The wife was up at Pine Hill Dairy earlier this week getting merrily soaked in the rain. A nice gentleman suggested she seek shelter as “we’re all getting older”. And she perked back: “I don’t know ‘bout that. I feel very young!”
So why is the lady suddenly so sprightly sprung?
In her own enthusiastic words: “Tomas is the best thing that has happened in a long time!”
More on that later. The two most successful entities on earth are the Jews and the insurance companies. For two reasons: they write the rule books; and they get their authority straight from God.
Insurance is wonderful. You pay a “small” amount every year for that warm feeling of being “covered”.
And you and your insurance company can have a happy lifetime relationship, almost like marriage, unless you go and spoil everything by actually having a disaster. Which is the equivalent in marriage of getting caught parked with a Bush Hill filly on a moonlight night.
Then everything falls apart. You suddenly discover you’re at the mercy of endless “clauses”, and none of them is Santa.

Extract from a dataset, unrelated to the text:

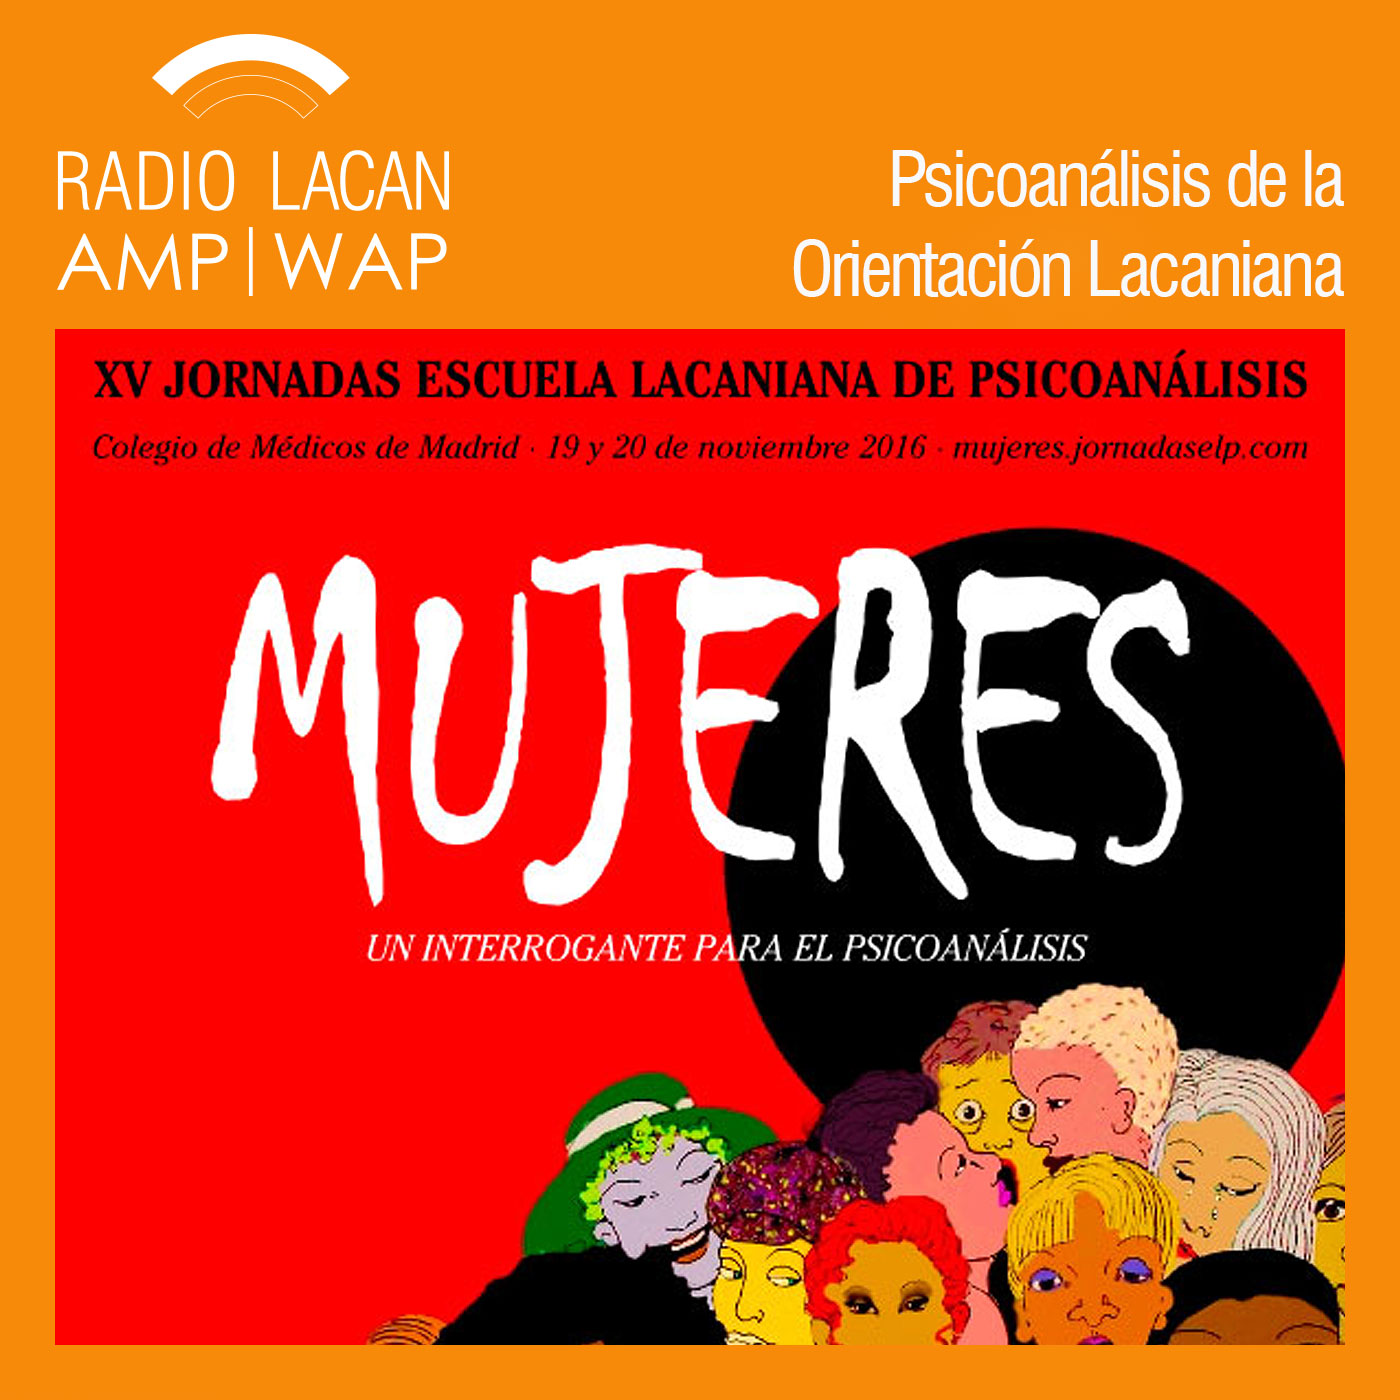 RadioLacan.com | Radio Lacan en las XVº Jornadas de la ELP: “Mujeres, un interrogante para el psicoa

Tomas ripped off the gallery roof, did major damage to bedroom and living room roofs. All my books soaked. But I’ve been paying house insurance since 1979. Never had a claim. I was “covered”. Don’t laugh.
The “assessor” arrived. The house is insured, he said, for its true value. My claim for damages is only slightly higher than what they estimate.
I felt I was home and dry. Or at least would be dry when the roof went back on. Please don’t laugh.
Then he taught me the facts of life. Of course, Mr Hoad, there is a “deductable” which means that you have to pay the first two percent out of your pocket. Your claim for $1 400 for all the precious books you’ve accumulated in your lifetime is more than reasonable. But there’s a $1 500 minimum on house contents so you get nothing there.
But the real lashes, Mr Hoad, are in what we call the “average” clause. This comes down direct from God, you can probably find it in Nahum or Habbakuk, and means simply that the “average” homeowner must be a real jackass if he thinks we’re going to actually pay for his repairs.
You see, Mr Hoad, you’ve been paying insurance premiums on the present value of your house.
But God, who resides in America or somewhere, says it must be insured for the value of rebuilding a new house of this size. Probably in Beverley Hills.
Not only that, Mr Hoad. We frankly don’t care a sh** if you could rebuild this house for its present value or less by shopping around for materials, working with a small contractor or whatever.
We value this house at what a big-time contractor would charge for a house this size. God says it must be so. Now sign the paper and stop wasting people’s valuable time.
He didn’t use those words, of course. But I took the 30 per cent reduction and held my piece. You can’t fight God.
However, for the wife, Tomas is a dream come true. “Ten years I’ve waited to get this house fixed up. Now we’re going the whole hog!”
The contractor Lawrence and his crew are the best. He calls her “Mums” and is a master at suggesting little extras here and there.
Our modest verandah is now a “deck” where you could land the Concorde or hold the calypso semis.
All well and good. But you know the saying: give your wife an inch and she’ll look for a better-equipped lover. Suddenly there are hints that “things are going to be different around here”: no more walking around naked or sitting on her new cushions without pants; the old “junk” has to go. Or maybe she said “skunk”. I don’t know.
Alas, a little Tomas goes a long way.
• Richard Hoad is a farmer and social commentator.